JasonCLEI commented 1 month ago

Hi, @areebapatel,

We have found another error message[ERROR] Failed to load reference sequence from file (/b06x-isilon/b06x-m/mnp_nanopore/software/hg38/hg38.fa). from your running log. Along with the error message pos 0 missing GT value, we believed that the program is not running normally, which could occur issues while reading and writing files. We suggest that you rerun ClairS-TO separately to see if the same issue still exists. If you have done so and still got the error, could you kindly provide your latest running log of run_clairs_to.log file and some VCF files stored in /b06x-isilon/b06x-m/mnp_nanopore/analysis/ONT_R00200/snv/ClairsTo/tmp/phasing_output/vcf/ like chr1.vcf? And we will check the issue for you further.

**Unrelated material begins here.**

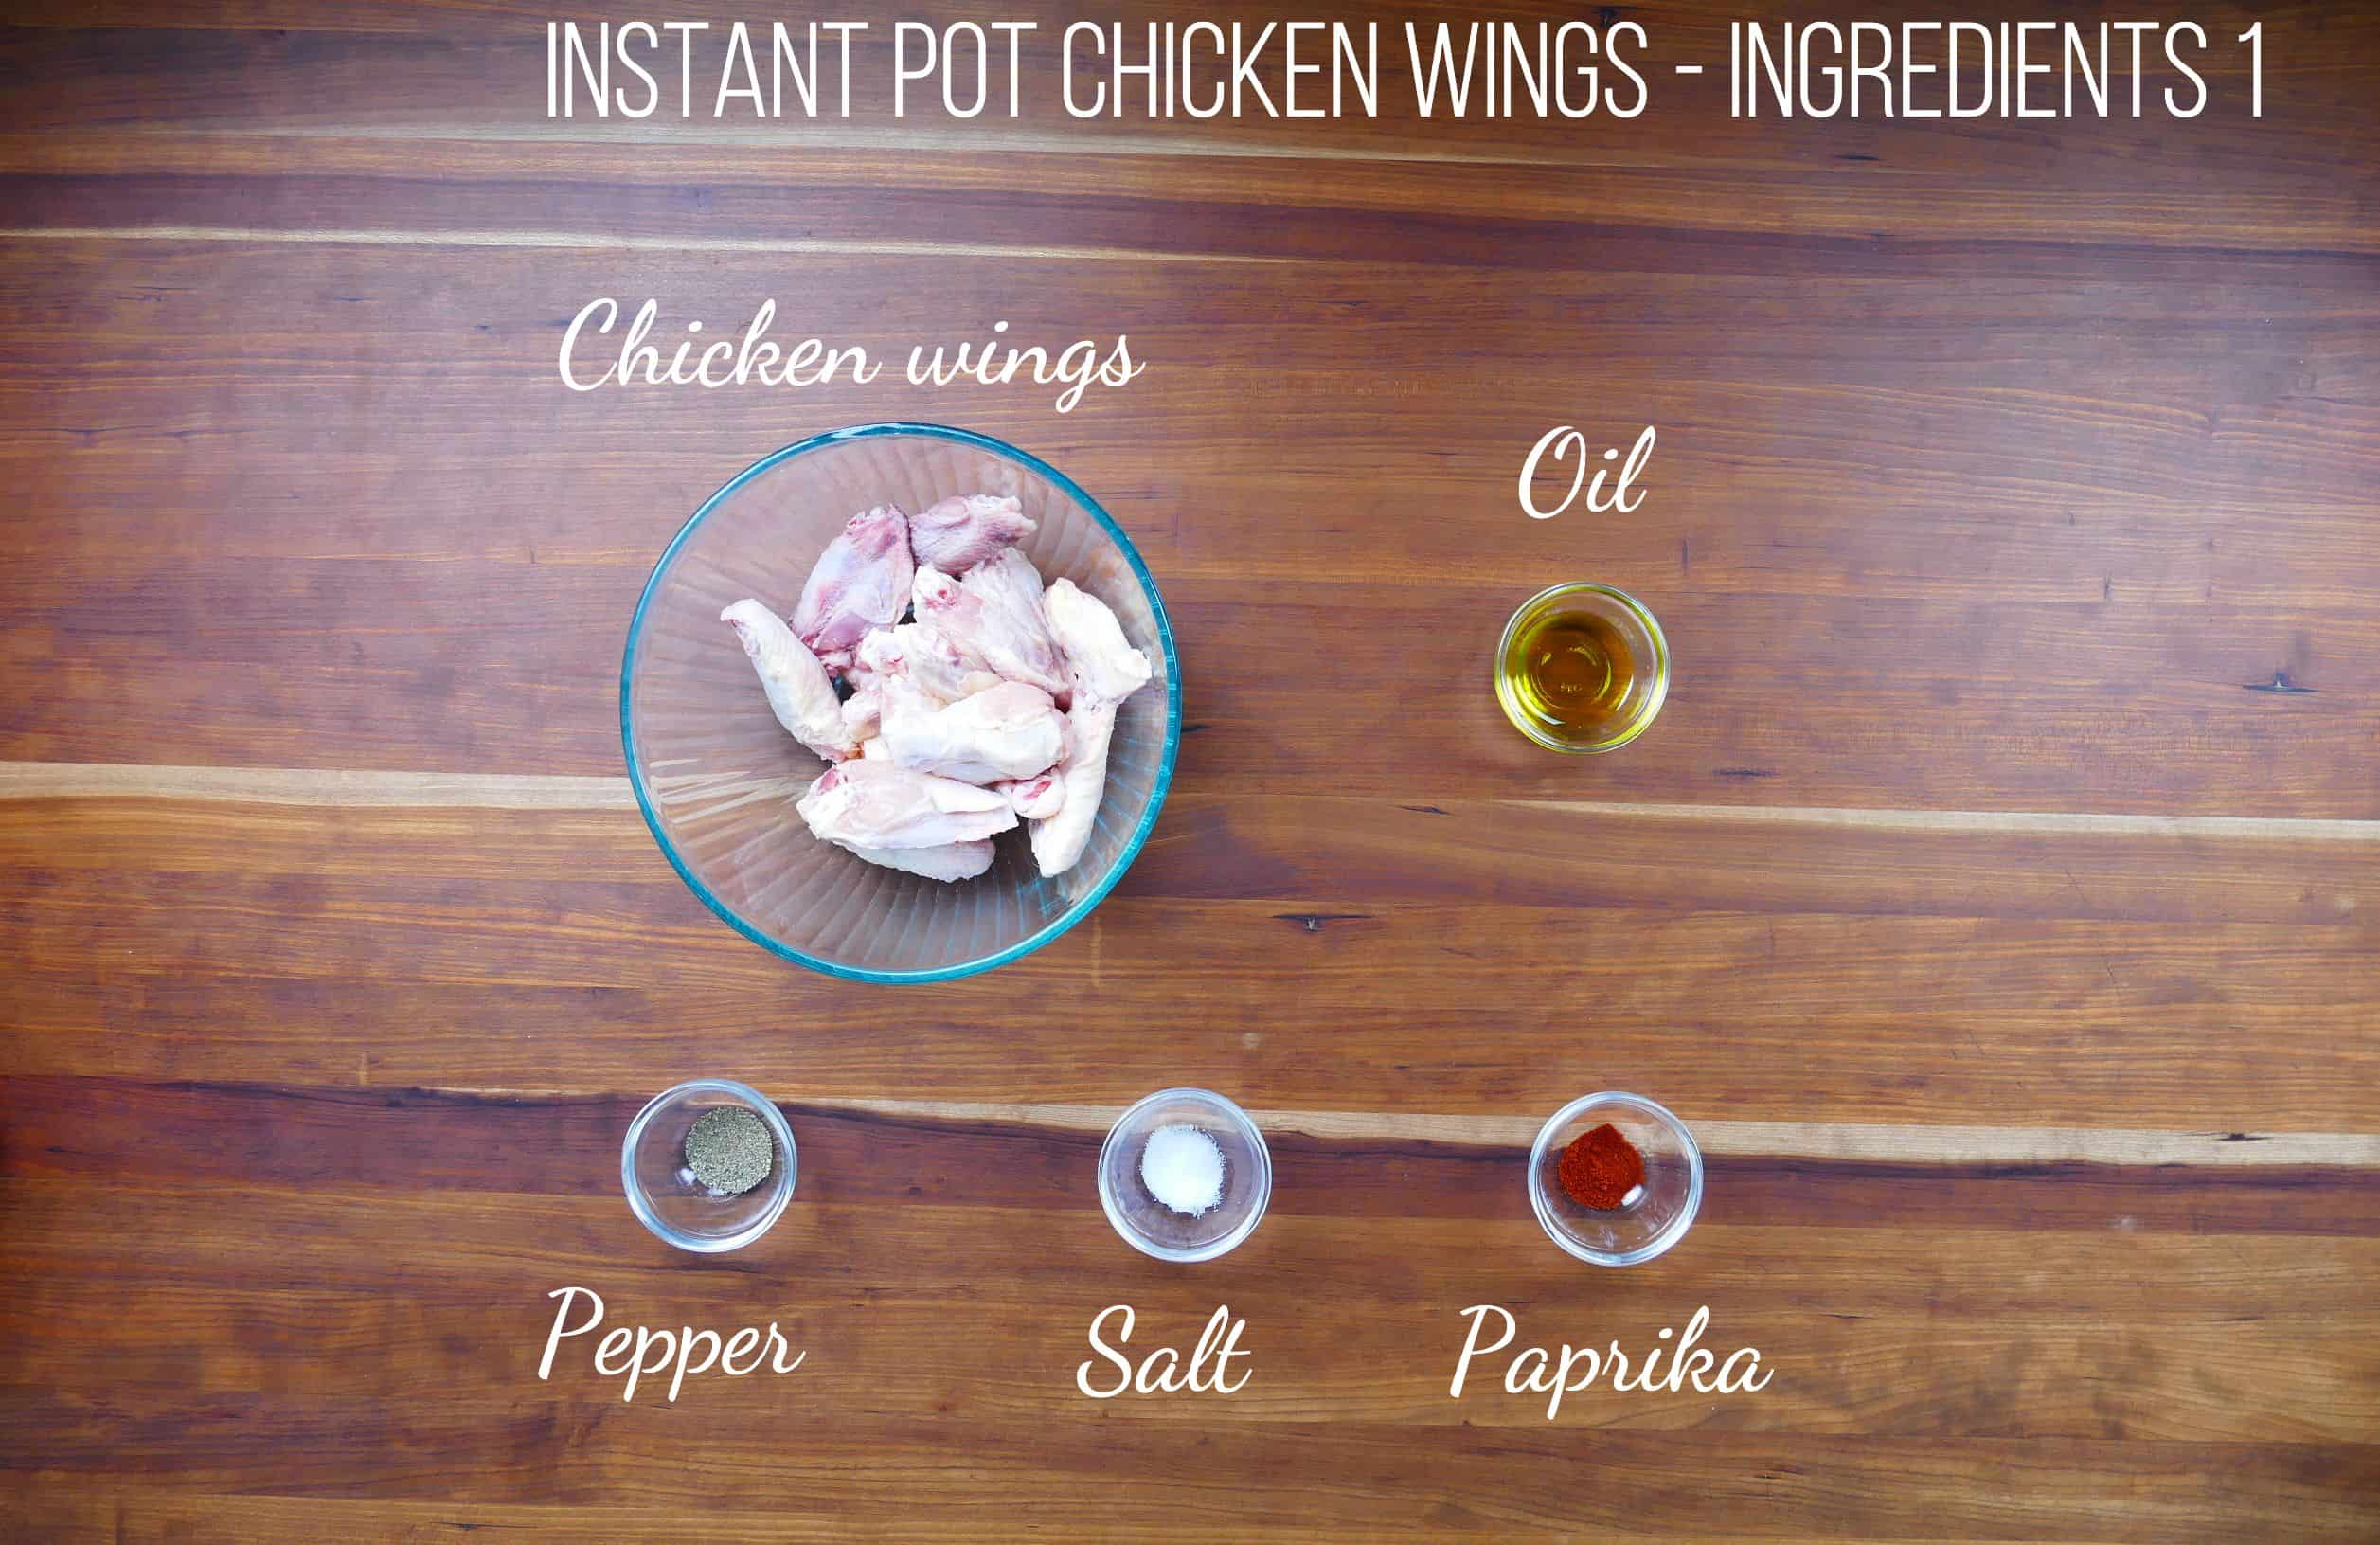 Air Fryer Chicken Wings Ingredients - chicken wings, oil, pepper, salt, paprika

areebapatel commented 3 weeks ago

Hi Lei,

Thanks for your looking into this. I have checked that the reference file exists and is used successfully with other tools. Here are the VCF files for the run. chr19.txt chrY.txt

I am not sure I understand what you mean by running ClairS-TO separately. How should I do that?


JasonCLEI commented 2 weeks ago

Hi, @areebapatel,

We suggest that you run ClairS-TO again with the same command to see if the issue still exists. If you have done so and still got the error, we will check the issue for you further.